Working working working working


Gosh. 

Why does everything have to suck?! WHY DO I HAVE TO GO TO COLLEGE NEXT YEAR?!
It's not fair. I'm supposed to be a junior. My parents think it's stupid that I'd want to stay home from college next year, maybe get a job or something. =_= I'm not ready. I'm barely a junior, really, maturity wise and I can't do it. I can't handle that now. I'm so exhausted. I feel helpless in this. I am broke, and expected to pay for this. My parents don't care how many loans I'll have to take out for this O_O the horrible, wracking interest I will have to pay......

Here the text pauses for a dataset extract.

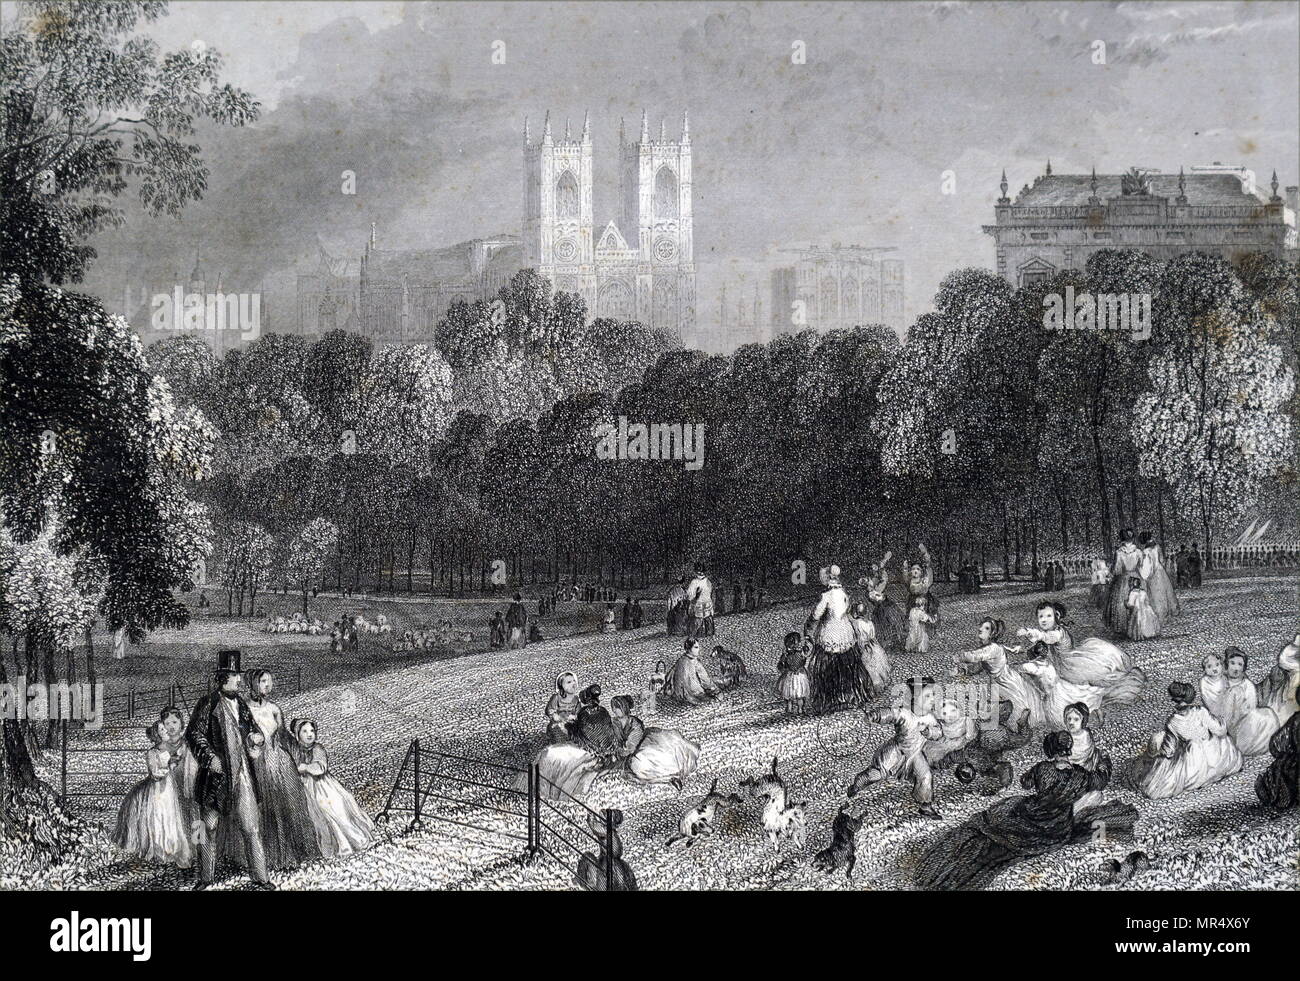 Abbildung: Darstellung einer Szene innerhalb von St James's Park, ein 23 Hektar großer Park in Westminster, benannt nach einem Aussätzigen Krankenhaus St James gewidmet. Vom 19. Jahrhundert Stockfoto

I have SATs this Saturday and I'm totally unprepared. I have so much Physics to do...
I need to get away from the computer but I'm so stressed out about stuff. 
Every day I have to care about so many people. 
My parents don't even notice the good. They even bring up stuff from when I was 3, and the won't let it go and say how I've never changed. I feel that o matter what I do I can't be good enough for them, or good enough for the world, and that they'd rather have a different kid than me. A normal kid from a real school. 

It's not fair. 

This is a load of shit barnacles.

I'm finished. 

*goes to gorge self on halloween candy and do physics*

1 comment:

  1. Oh Rhiannon..... How I WISH I could help. But I am also obscenely busy :/ I pray for you, and I hope things are getting better! We should hang out again, you and me. We haven't done that in awhile... Hope to see you soon!
    Love you!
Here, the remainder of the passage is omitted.